Despite the various reasons silver investors should not buy exchange-traded funds and instead opt for physical metals, there are also many reasons why investors should love them.
ETFs Increase Precious Awareness
Before silver and gold were spotlighted for their extreme gains, only a small percentage of investors even had proper allocations of physical metals in their portfolios.  In what was a huge oversight for the average investor, silver and gold began their run upwards in price as stocks fell. 

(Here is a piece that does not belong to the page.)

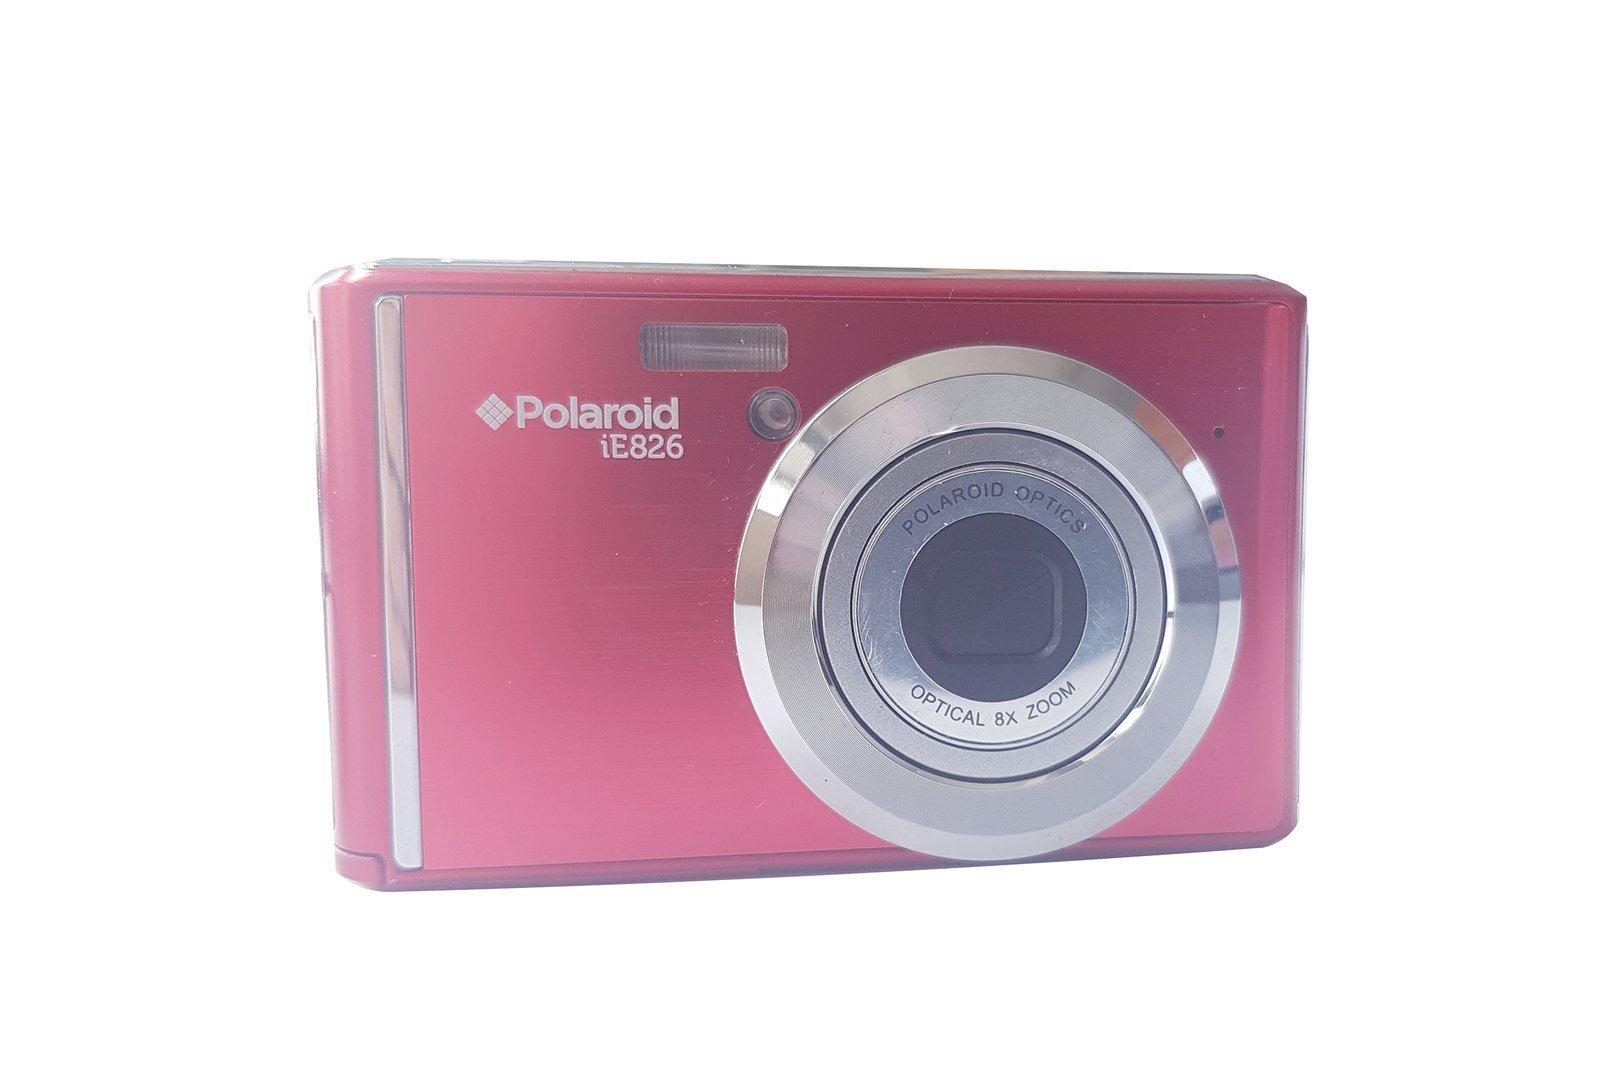 Digital camera Polaroid iE826 18MPx Damaged
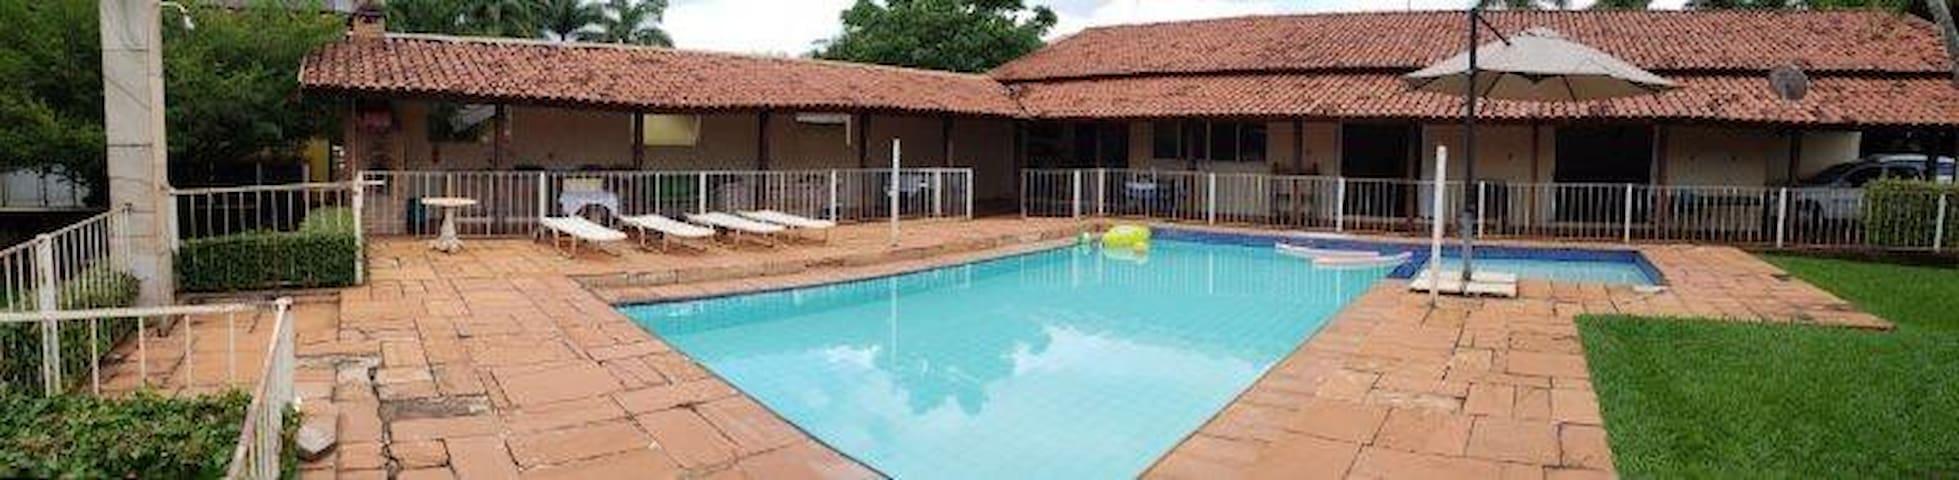 Vista piscina para a varanda

Several years after the rise in metals pricing jumpstarted, exchange-traded fund sponsors begin to release slews of funds that were designed to track the changes in the price of precious metals.  Today, ordinary investors can’t open the Wall Street Journal or turn on the news without hearing about precious metals investing and popular ETF choices.  If you’re looking into investing in silver today, you most likely first heard about them via the popular derivative products on Wall Street.
 
ETFs Drive up Prices
 
Few can deny the impact large exchange-traded funds have on the commodities markets, especially those that claim to be “physically backed” by holdings in bank vaults.  These funds have to invest every dime they receive into precious metals holdings and ultimately drive demand, as well as prices.  One otherwise unrelated ETF, the United Natural Gas Fund, at one time held as much as 60% of the front-month futures contracts for natural gas.  As you can see, these market behemoths have a dramatic impact on prices.  However, they aren’t driving prices down; they’re driving them up!
ETFs Open to a Trillion Dollar Market
Retirement accounts are one place you’re unlikely to see a commodity investment category, and you will certainly never see one for precious metals – until now.  A variety of exchange-traded fund sponsors are lining up to encourage corporations, as well as investment companies, to list their ETFs among 401k plans and other products.  Retirement planning is a trillion dollar business which controls immense amounts of investors’ monies.  Should ETFs break into the mainstream 401k account, it’s likely that precious metals will be even more in demand and rise equally in price.
One Reason to Hate ETFs
Of course, exchange-traded funds are not all bright and shiny.  One of the many reasons investors should buy physical metals rather than paper metals is due to high annual fees that most exchange-traded funds charge.  There is simply no reason to give away some of your well earned returns just for the convenience of getting a paper statement as to how well your holdings are performing. 
For example, the iShares Silver Trust ETF (SLV) charges a whopping .5% annual fee, negating the returns you make on your silver.  If you invested $10,000 into SLV, a 10% annual return is worth $61,416 in 20 years.  On the flipside, investors who buy $10,000 in physical metals will have $67,274 in 20 years, which is a difference of $5,850.  Why give away those extra thousands of dollars, not to mention endure the risk of “paper” metals?   
While we can love exchange-traded funds for bringing thousands of investors into the world of precious metals ownership, as investors, it makes little sense to own them ourselves, especially at a cost of $5,850 on a relatively small $10,000 investment.